I'm really confused at the moment.  My dr has told me that when we do become pregnant that I should stop taking my metformin immediately.  However, in one of my books I was reading that studies done have said that if you continue to take metforin throughout the early stages of pregnancy then it reduces the risk of miscarriage from 45% to 9%.  I have pcos which is why the miscarriage rate is higher I believe.  It seems logical to me to continue taking metformin to increas my chances of sustaining a pregnancy.  Are there any known risks to the foetus if metformin is continued?

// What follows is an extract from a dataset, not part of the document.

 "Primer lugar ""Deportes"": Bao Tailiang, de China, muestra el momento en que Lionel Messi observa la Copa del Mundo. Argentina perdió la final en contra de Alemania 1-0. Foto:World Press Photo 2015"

I f anyone has been in a remotely similar situation I could really use some advice.

Cheers
Lucy


----------



## Helen1 (May 15, 2003)

Hi Lucy

I am in exactly the same position as you. I have PCOS and started taking Metformin in April last year. I became PG and was told to come off it straight away. Then I had a Miscarriage. Then my consultant said to me that in other countries ie South Africa and USA they do allow you to continue Metformin through pregnancy as it dramatically decreases the miscarriage rate, but it hasn't been proven in this country yet which is why Doctors can't recommend us to keep taking it. My consultant said i could carry on taking it until 8 weeks of pregnancy and then come off it, but it had to be off my own back. Anyway I took the metformin when I became pg again but I had a miscarriage at 11 weeks anyway, for other reasons. 

So really it's up to you what you do, but I know I will carry on taking it next time I am pg up until 8 weeks

Have you had any side effects? I get really bad stomach troubles yuck!

Love

Helenxxxxxxxxxxxxxxx


----------



## jeanette (May 3, 2003)

Hi Lucy

When pg it is recommended that metformin is stopped.

However, I have been unable to find out any furthur information regarding pcos, pg and metformin.

Personally, I would speak to your fertility dr about this so that you can show him the reseach you have found.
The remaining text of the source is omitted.